Calculate the amount (in mL) of 1.520M NaOH that is required to add the following acetic acid solution to prepare a buffer with the corresponding pH:

30.00mL of a 5.00% (w/v%) acetic acid; the resulting acetate buffer has a pH of 5.75.

pKa of acetic acid = 4.74

So I got this: 5% w/v means 5g HAc/100 mL solution which is (5/60) mols/100 and that is 5/60/0.1L or 0.0833 M.
Then millimols HAc is 30 x 0.0833 = 25.
So acid + base = 25
pH = pKa + log(base)/(acid)
5.75 = 4.74 + log b/a

How do I determine b/a?

equation 2 is a + b = 25

How can I solve for a and b?

You had this in math. It isn't chemistry.

5.75 = 4.74 + log b/a
1.01 = log b/a
10^(b/a) = 1.01
Plug into the calculator; a/b = 10.23

If a/b = 10.23, what is a and what is b?

To determine the values of 'a' and 'b' in the equation a + b = 25, we can use a system of equations.
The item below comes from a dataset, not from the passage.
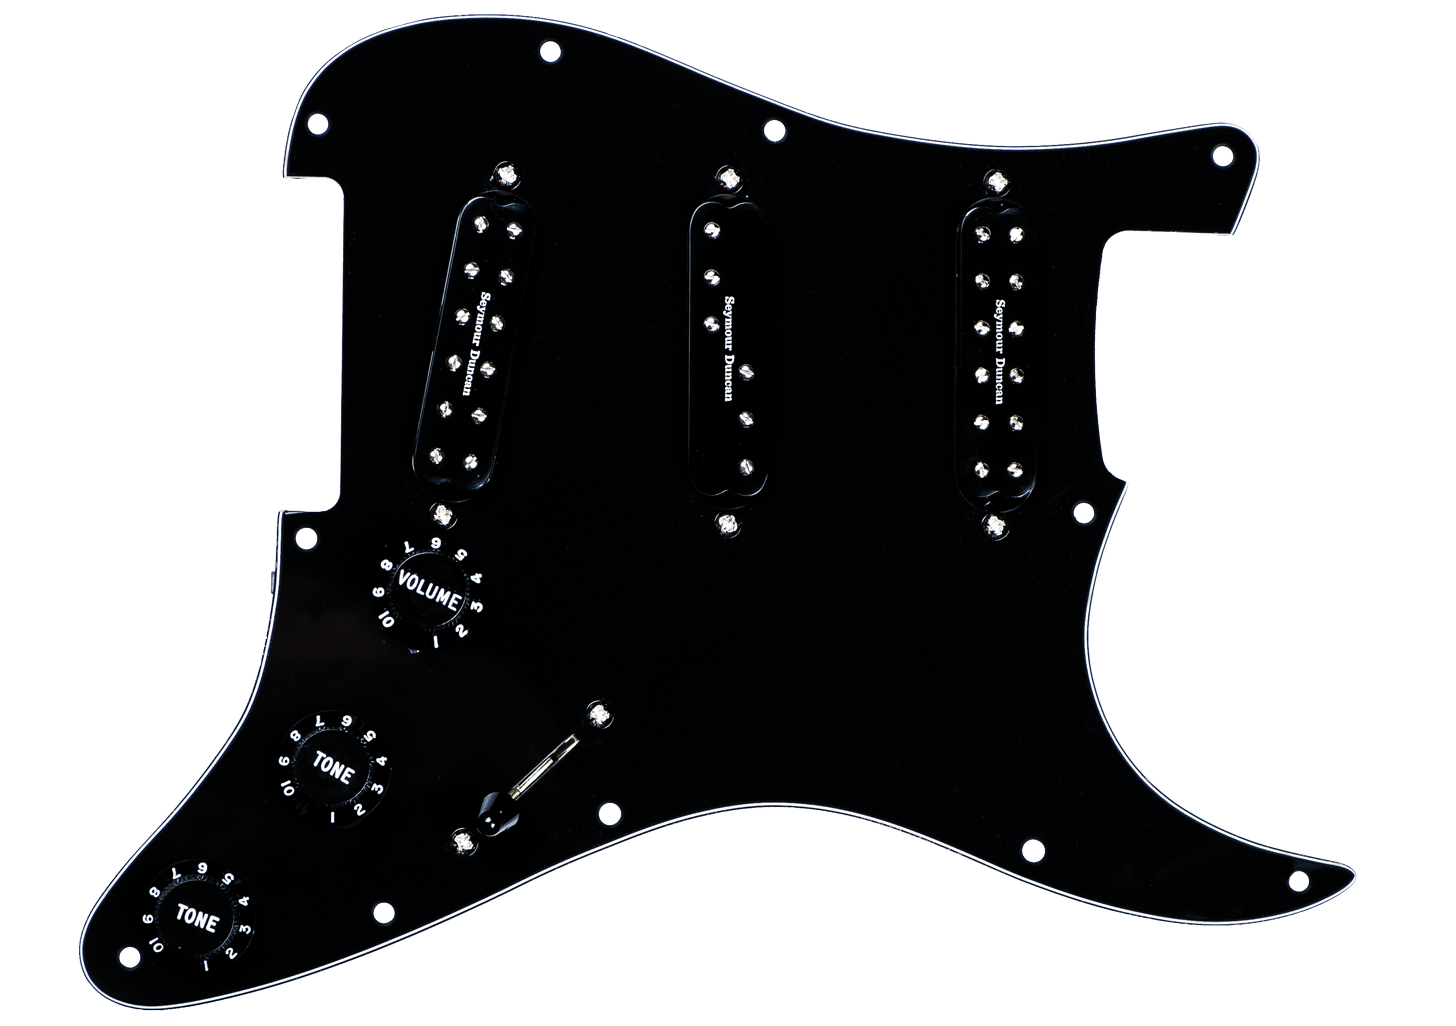 Versatile Stratocaster Pickguard

Since we know that a + b = 25, we can substitute one variable in terms of the other to solve for 'a' or 'b'. Let's solve this equation for 'b':

a + b = 25

b = 25 - a

Now we can substitute this value of 'b' into equation 1 (pH = pKa + log(b/a)):

5.75 = 4.74 + log((25 - a)/a)

To solve this equation for 'a', we need to isolate the logarithmic term. Rearrange the equation:

0.75 = log((25 - a)/a)

Taking the antilogarithm of both sides gives:

10^0.75 = (25 - a)/a

Now, we can solve for 'a' by multiplying both sides by 'a':

10^0.75 * a = 25 - a

10^0.75 * a + a = 25

(10^0.75 + 1) * a = 25

Finally, divide both sides by (10^0.75 + 1) to get the value of 'a':

a = 25 / (10^0.75 + 1)

Once you have the value of 'a', you can substitute it back into the equation b = 25 - a to find the value of 'b'. This will give you the amount (in mL) of 1.520M NaOH required to prepare the buffer solution.